NEW HAVEN, Conn. (WTNH)– When you get married, you don’t often think it will end in divorce but there are some key factors that inevitably end many relationships. Money is a big one! We are stretching your dollar with the red flags you may be heading for trouble and what you can do to make it better. Love is an essential ingredient in a marriage but it unfortunately doesn’t pay the mortgage. Money is important and being honest about how you spend it.
“People say it’s not romantic, but it’s necessary,” said Patty Ann Tublin, a relationship and communication expert.
Dr. Patty Ann Tublin is a relationship and communication expert who says she sees it all the time. The financial dishonesty will start small and get worse over time.
“You’ll go to a store and buy some clothes and you’ll pay half of the price with cash and then you’ll charge the other half. Then again, you’re not being very transparent and honest about how much the item really costs,” she said.

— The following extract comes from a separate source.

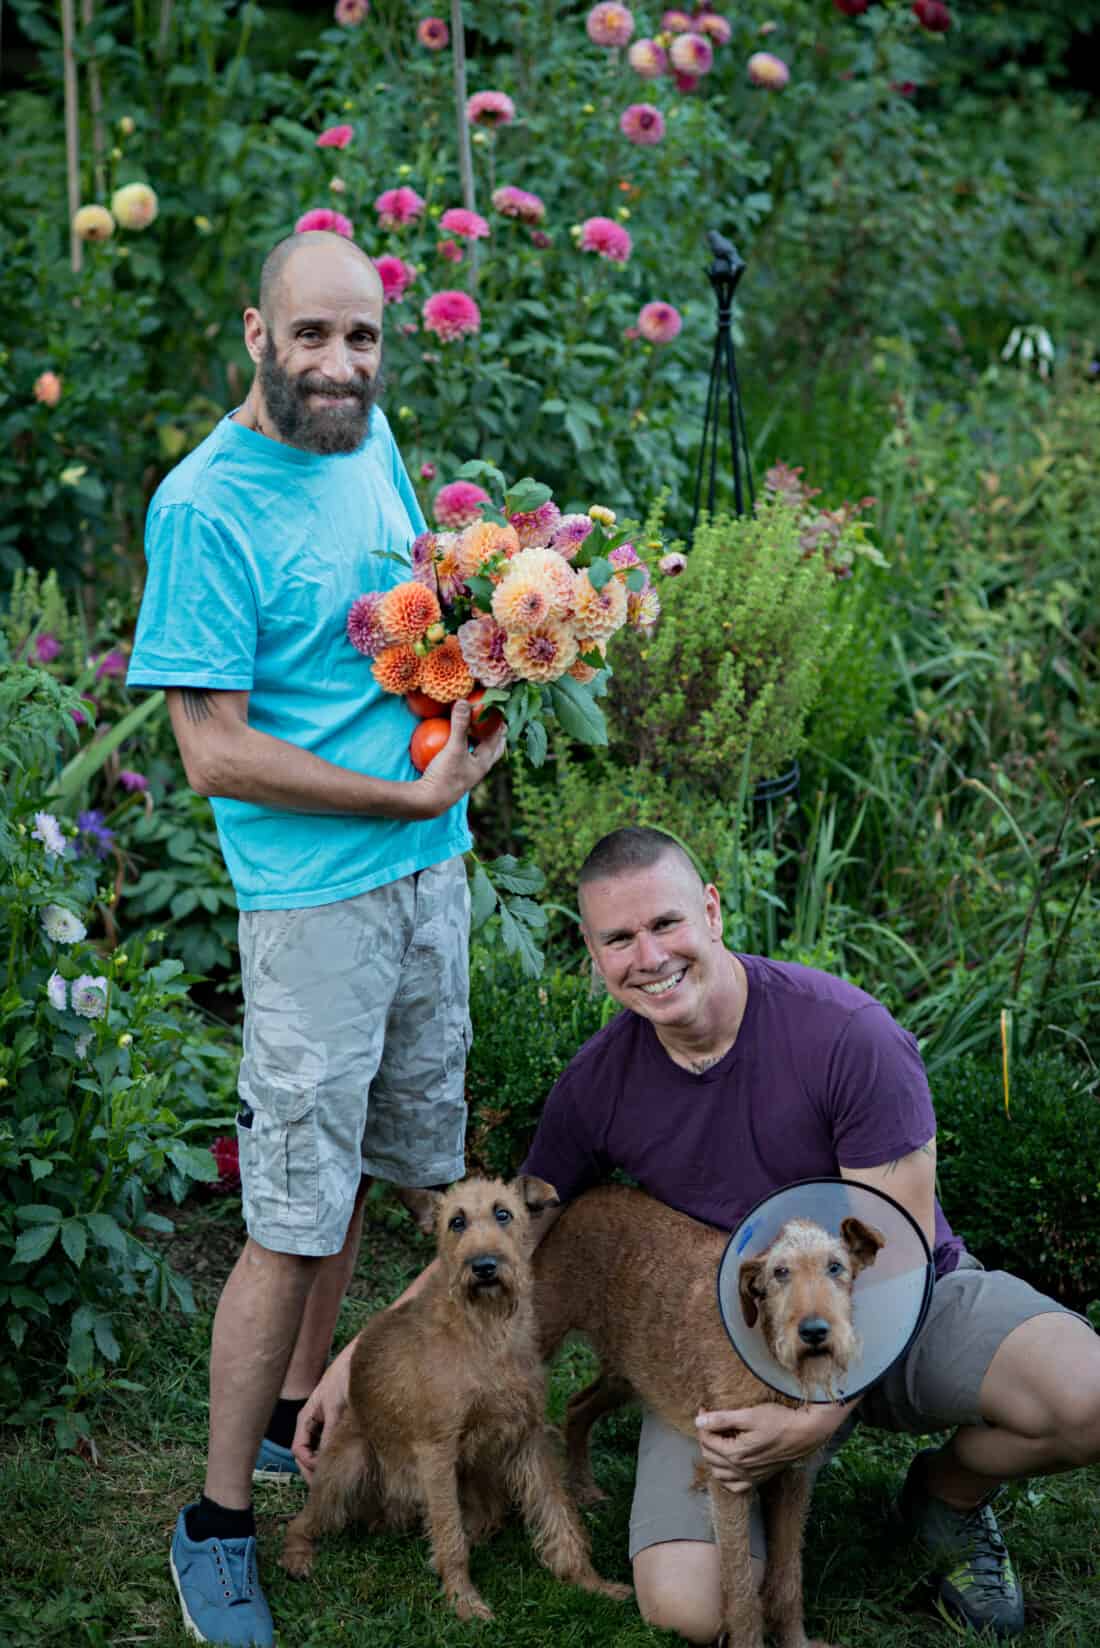 A man standing and holding a colorful bouquet stands next to another man kneeling with two dogs in a lush garden with flowers and trees in the background.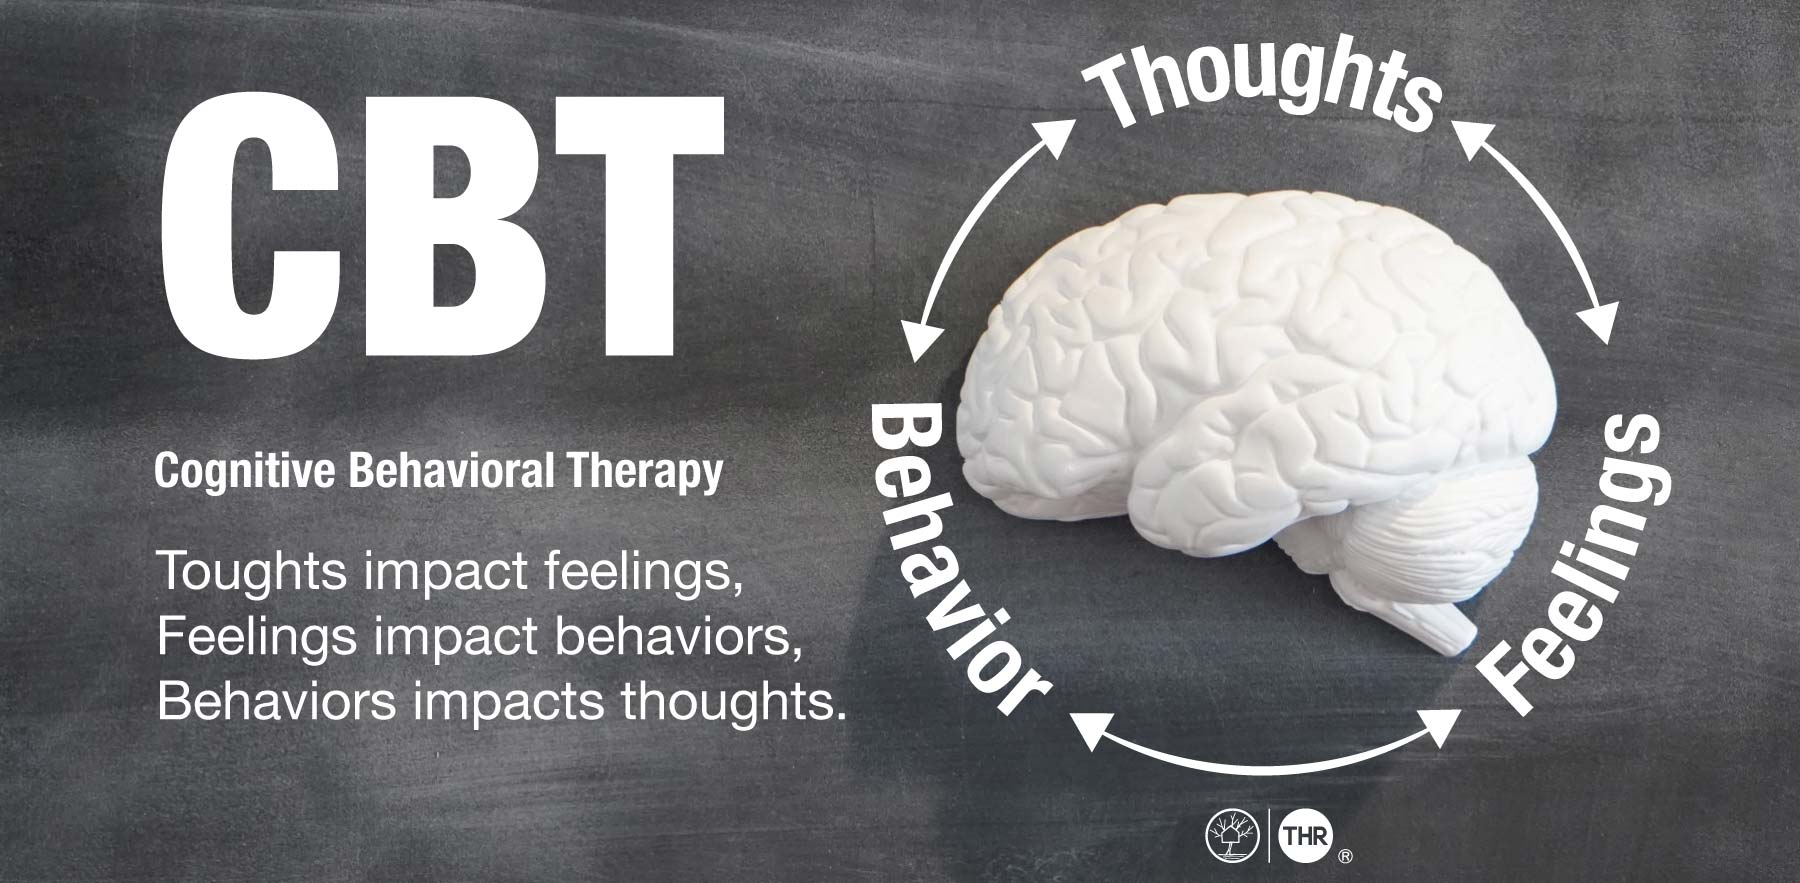 Cognitive Bahavioral Therapy (CBT) Illustration showing how thoughts impact feelings, feelings impact behaviors and behaviors impact thoughts.

She says the big problem is couples don’t define discretionary spending, and it leads to arguments down the road. It’s ideal to get on the same page before marriage, but it’s never too late for a relationship refresh.
“Most fixed costs, you know, your mortgage, your rent, your car payment, of course there’s no argument with that. But when it comes to the fun things in life, that’s when it gets complicated,” she added.
Decide how much you each can spend on the fun stuff. Another way to handle your differences – recognize how you associate money. Some associate money with love, others with power.
“Many times what couples will say to me, is I feel my spouse is too controlling, and controlling about money so that’s at least one area I can take charge of,” Tublin said.
Giving your spending and saving habits an honest look and communicating a plan is the best way to keep it moving in a healthy direction.